ABOUT THIS EXERCISE: After finding the line with "Park personnel moved" in the data below, set down exactly each line through the one with "Chanel Necklace CC", inclusive, and stop there.

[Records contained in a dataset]
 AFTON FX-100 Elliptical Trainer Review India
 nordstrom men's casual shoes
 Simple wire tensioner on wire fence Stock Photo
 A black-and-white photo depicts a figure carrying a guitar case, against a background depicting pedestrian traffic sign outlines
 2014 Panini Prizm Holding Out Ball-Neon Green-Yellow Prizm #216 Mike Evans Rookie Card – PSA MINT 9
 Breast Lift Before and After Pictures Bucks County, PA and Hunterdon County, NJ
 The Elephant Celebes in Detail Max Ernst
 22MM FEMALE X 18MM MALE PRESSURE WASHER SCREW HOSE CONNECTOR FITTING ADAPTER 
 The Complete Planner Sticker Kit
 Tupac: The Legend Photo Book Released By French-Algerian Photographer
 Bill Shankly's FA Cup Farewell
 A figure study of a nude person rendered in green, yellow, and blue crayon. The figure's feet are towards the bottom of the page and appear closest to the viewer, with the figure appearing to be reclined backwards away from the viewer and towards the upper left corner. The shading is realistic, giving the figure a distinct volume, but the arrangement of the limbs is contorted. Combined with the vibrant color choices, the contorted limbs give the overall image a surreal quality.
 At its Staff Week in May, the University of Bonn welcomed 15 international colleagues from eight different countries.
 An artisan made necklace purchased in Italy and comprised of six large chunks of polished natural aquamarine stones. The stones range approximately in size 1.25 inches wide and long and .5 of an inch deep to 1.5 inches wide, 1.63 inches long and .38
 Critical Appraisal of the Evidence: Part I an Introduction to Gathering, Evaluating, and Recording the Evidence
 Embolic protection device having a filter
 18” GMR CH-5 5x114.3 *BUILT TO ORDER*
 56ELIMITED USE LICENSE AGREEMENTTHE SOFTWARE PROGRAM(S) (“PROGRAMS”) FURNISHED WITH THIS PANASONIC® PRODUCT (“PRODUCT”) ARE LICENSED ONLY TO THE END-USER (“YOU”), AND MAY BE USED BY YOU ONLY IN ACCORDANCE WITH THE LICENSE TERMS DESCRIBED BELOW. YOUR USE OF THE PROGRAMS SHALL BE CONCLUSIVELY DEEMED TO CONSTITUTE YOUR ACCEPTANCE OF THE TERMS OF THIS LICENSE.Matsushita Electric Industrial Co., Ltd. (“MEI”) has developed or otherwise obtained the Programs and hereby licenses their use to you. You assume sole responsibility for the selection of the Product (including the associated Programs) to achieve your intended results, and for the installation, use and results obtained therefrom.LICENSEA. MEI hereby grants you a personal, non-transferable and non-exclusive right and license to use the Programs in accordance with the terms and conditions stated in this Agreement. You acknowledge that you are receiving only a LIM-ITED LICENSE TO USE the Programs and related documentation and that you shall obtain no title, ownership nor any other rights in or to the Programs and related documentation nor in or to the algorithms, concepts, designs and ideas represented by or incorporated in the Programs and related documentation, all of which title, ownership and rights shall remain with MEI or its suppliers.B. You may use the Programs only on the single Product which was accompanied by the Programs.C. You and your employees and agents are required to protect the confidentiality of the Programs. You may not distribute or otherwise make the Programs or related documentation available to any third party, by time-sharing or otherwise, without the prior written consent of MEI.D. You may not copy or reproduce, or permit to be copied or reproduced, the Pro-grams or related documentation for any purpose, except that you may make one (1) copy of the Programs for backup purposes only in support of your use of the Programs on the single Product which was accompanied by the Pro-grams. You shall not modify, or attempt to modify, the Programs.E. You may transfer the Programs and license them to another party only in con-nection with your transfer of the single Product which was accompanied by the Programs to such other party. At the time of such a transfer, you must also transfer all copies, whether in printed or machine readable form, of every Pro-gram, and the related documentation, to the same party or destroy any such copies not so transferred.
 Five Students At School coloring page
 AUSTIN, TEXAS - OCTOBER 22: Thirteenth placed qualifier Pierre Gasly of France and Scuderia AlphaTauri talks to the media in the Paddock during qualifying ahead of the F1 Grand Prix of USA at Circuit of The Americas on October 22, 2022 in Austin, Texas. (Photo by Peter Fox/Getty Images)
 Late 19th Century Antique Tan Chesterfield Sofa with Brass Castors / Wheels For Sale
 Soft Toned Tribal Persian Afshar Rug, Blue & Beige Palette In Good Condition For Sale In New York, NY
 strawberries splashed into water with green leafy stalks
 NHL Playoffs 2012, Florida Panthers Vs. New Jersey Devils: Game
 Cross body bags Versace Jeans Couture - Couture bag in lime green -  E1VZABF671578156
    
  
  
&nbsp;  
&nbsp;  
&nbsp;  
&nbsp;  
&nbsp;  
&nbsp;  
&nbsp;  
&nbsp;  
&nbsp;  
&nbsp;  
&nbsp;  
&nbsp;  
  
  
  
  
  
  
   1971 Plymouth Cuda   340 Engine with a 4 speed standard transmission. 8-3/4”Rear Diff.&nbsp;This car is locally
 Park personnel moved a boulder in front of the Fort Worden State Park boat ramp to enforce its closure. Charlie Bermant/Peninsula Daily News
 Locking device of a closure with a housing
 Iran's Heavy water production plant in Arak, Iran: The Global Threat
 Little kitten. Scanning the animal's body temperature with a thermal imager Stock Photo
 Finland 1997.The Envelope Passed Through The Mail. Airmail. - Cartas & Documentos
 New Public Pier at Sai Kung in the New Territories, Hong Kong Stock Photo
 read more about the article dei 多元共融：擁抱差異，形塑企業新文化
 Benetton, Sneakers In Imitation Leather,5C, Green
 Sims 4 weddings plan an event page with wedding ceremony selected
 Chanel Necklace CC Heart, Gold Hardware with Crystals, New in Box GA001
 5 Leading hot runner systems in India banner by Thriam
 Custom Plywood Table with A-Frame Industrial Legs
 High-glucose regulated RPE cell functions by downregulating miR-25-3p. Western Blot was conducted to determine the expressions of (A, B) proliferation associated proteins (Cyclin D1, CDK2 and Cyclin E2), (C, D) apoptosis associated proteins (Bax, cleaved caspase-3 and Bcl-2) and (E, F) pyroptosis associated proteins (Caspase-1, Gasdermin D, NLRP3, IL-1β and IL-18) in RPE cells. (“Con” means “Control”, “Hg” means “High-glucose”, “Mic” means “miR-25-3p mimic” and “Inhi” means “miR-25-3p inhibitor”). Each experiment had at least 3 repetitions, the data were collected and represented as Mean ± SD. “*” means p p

TASK OUTPUT:
 Park personnel moved a boulder in front of the Fort Worden State Park boat ramp to enforce its closure. Charlie Bermant/Peninsula Daily News
 Locking device of a closure with a housing
 Iran's Heavy water production plant in Arak, Iran: The Global Threat
 Little kitten. Scanning the animal's body temperature with a thermal imager Stock Photo
 Finland 1997.The Envelope Passed Through The Mail. Airmail. - Cartas & Documentos
 New Public Pier at Sai Kung in the New Territories, Hong Kong Stock Photo
 read more about the article dei 多元共融：擁抱差異，形塑企業新文化
 Benetton, Sneakers In Imitation Leather,5C, Green
 Sims 4 weddings plan an event page with wedding ceremony selected
 Chanel Necklace CC Heart, Gold Hardware with Crystals, New in Box GA001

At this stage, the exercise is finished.